A disappointing Black Friday for in-store retailers
By Lynette Dicey - Dec 20th 2018, 10:54
Most retailers had high expectations of bumper sales on Black Friday, November 23, but data from retail management platform Vend shows that that in-store retail spending decreased from 2017 with a 10% drop in spending and a 2% drop in sales volumes.
On the upside, major centres showed positive sales growth, with Pretoria jumping by 19% compared to the weeks before Black Friday, Cape Town showing a 13% increase in sales and Joburg a 10% increase. Pretoria was the only city centre to show year-on-year growth, equating to 20% more than 2017.
Vend’s figures show that the 10% drop in spending took place despite the fact that retailers were offering a 5% increase in discounts compared to 2017, with the average discount offered by stores as high as 20%.
Higor Torchia, Vend’s country manager for Europe, the Middle East and Africa, says that despite reports that shoppers were eagerly seeking Black Friday discounts, data shows that Black Friday 2018 fell short of expectations, even taking into account that Black Friday continues to show an uptake in sales on the retail sector’s calendar. Analysis of the period between November 24 and 27 2018 shows that consumer spend increased by 20% in comparison to previous weeks, with discounting levels spiking by 113%.
Torchia says part of the reason for Black Friday’s disappointing in-store performance could have been that because most stores (both physical and online) were offering discounts from Black Friday to Cyber Monday, consumers were shopping online more.
This view is supported by online retailer Zando, which reported a record high on Black Friday 2018. More and more South Africans are seeing the benefits of shopping on their phones – something Zando sees as Black Friday’s secret weapon.
Early sales results indicated that mobile orders dominated purchases over the sale period, which included the days leading up to Black Friday as well as over the weekend until Cyber Monday. Zando reports that 55% of orders were made via smartphone and that 67% of total orders came from mobile by the end of Black Friday, an increase of 52% from 2017.

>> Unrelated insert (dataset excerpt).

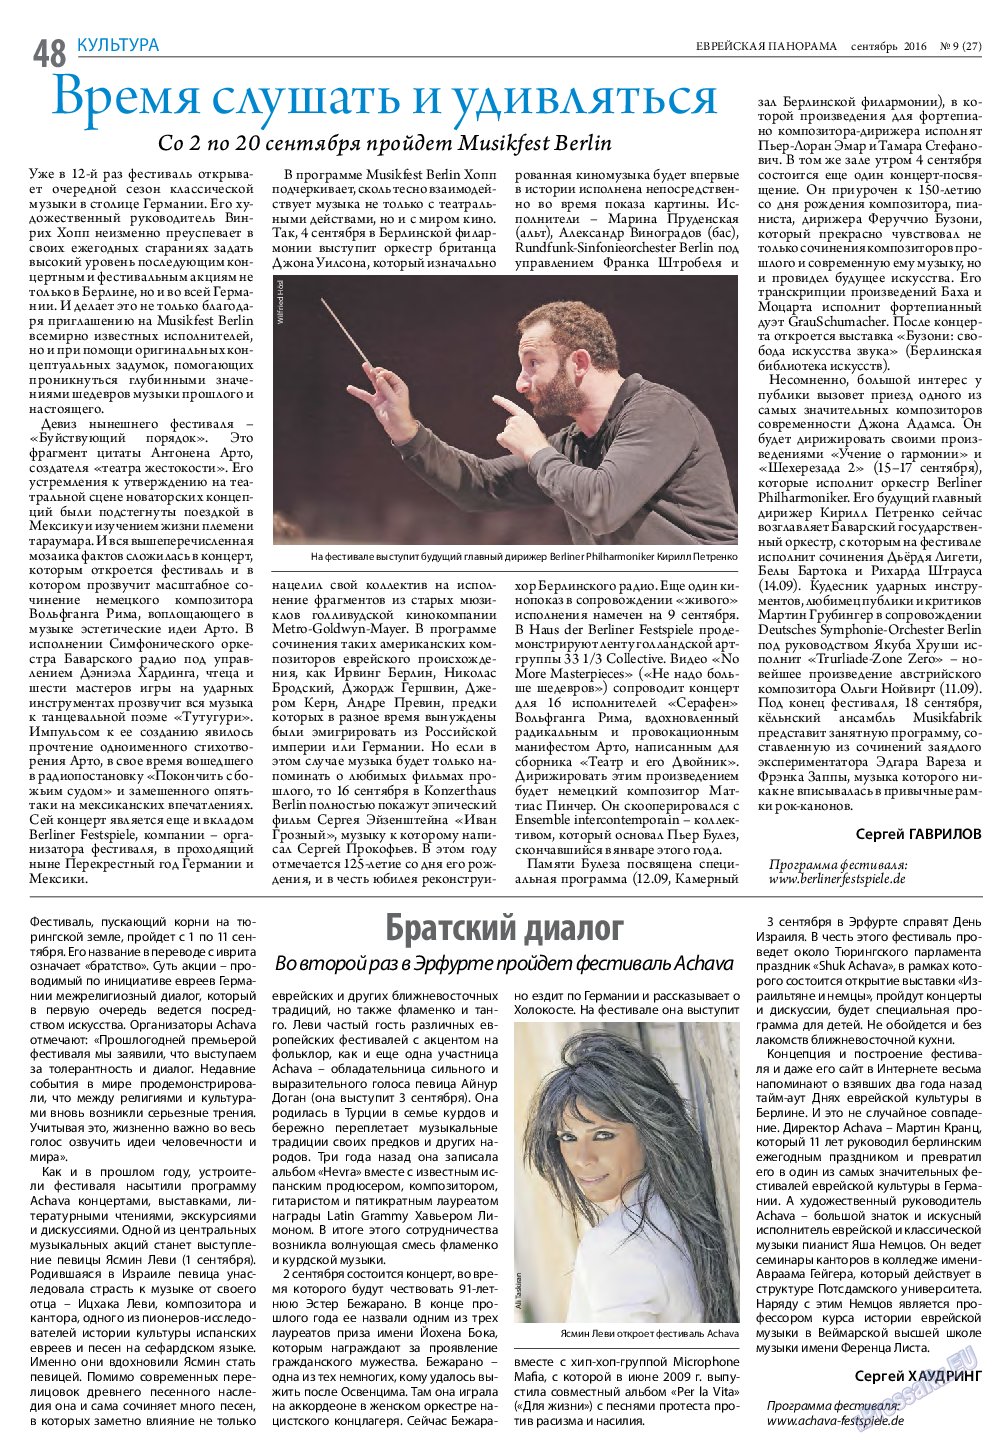 Еврейская панорама, газета. 2016 №9 стр.48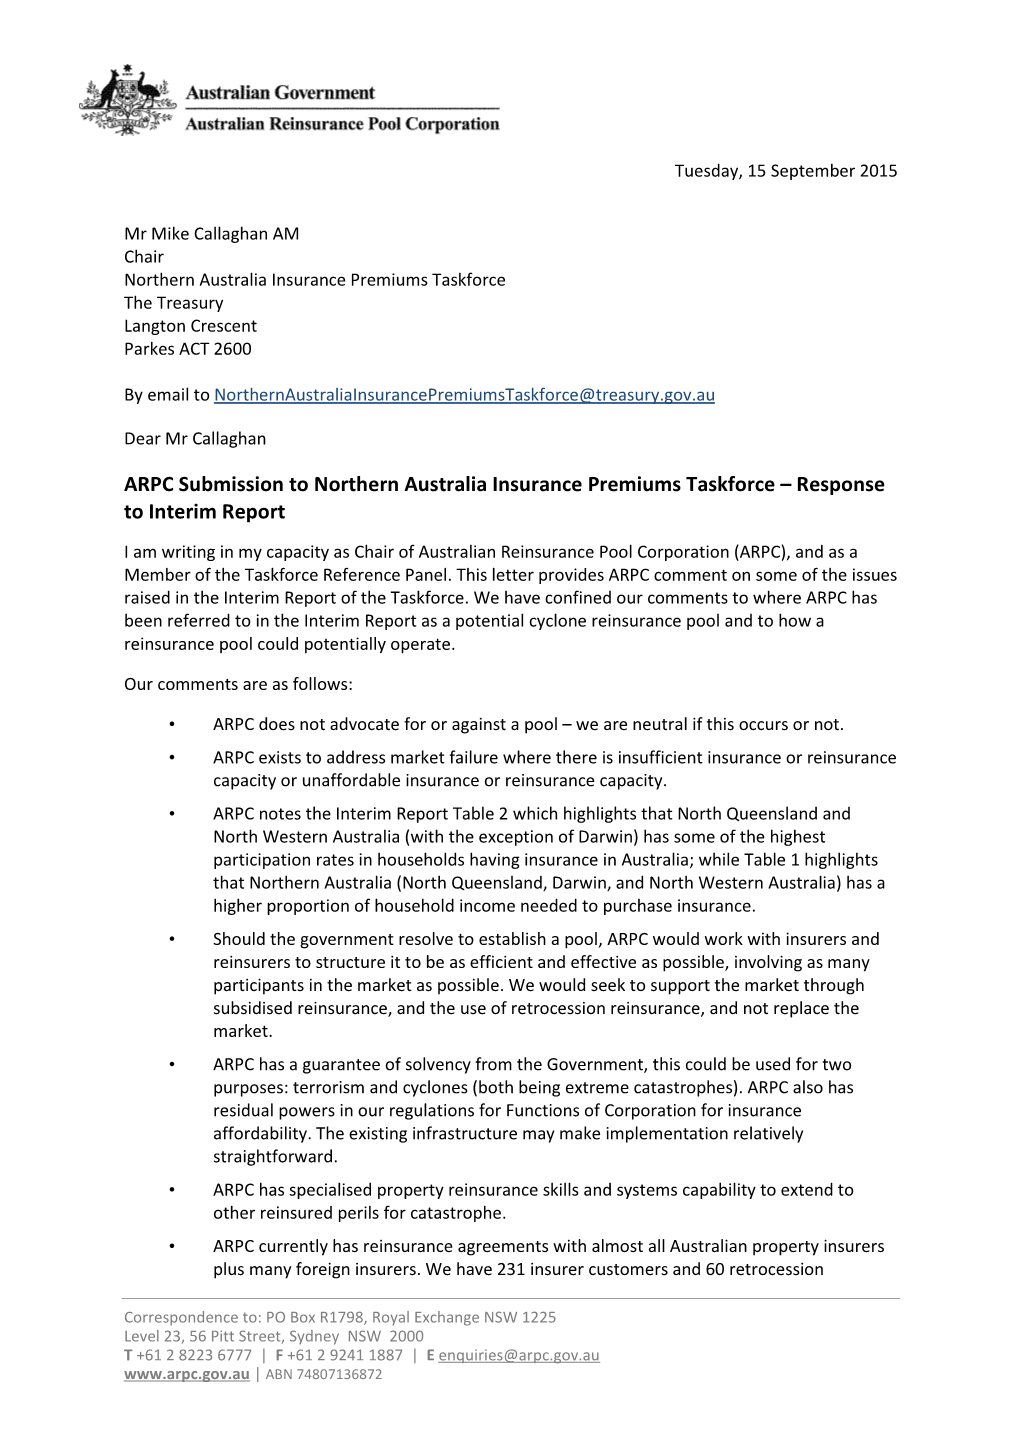 ARPC Submission to Northern Australia Insurance Premiums Taskforce – Response to Interim Report

Insights gleaned over the period by the online retailer show that consumers appreciate the variety of goods available, buying from different brands and categories including beauty, apparel and sportswear, with the top-selling categories being sneakers, women’s wear and shoes.
Another reason Vend cites for the Black Friday flop is that perhaps consumers were focusing largely on deals from big-box retail stores, even though, as its data shows, smaller, independent retailers were offering equally phenomenal discounts over the weekend from Black Friday to Cyber Monday. This data relates to fashion, health and beauty stores in particular (which align with Zando’s bestsellers). These stores boosted their discount levels by around 500%, Vend says, adding that it would be a coup in future if consumers would support these smaller stores, apart from their purchases from major retailers.
Vend’s statistics show that the fashion and apparel category offered a 445% discounting increase and showed a 107% increase in sales over the Black Friday period, compared to previous weeks, while health and beauty offered a discounting increase of 630% and a sales increase of 37%. Sports, hobbies and toys offered discounting increases of 307%, while sales jumped by 37%, and the home, lifestyle and gifts category offered a 315% rise in discount, with only a 9% increase in sales.
Vend’s data also shows some interesting trends across payment patterns, noting that this Black Friday there was a significant increase in consumers who made their purchases using a credit card compared to last year, though cash remained dominant, with 53% of sales taken in cash and 45% by credit card. In 2017, 58% of sales were taken in cash and 36% on credit – telling, perhaps, that after a difficult year for consumers, many people chose to take advantage of special offers on credit.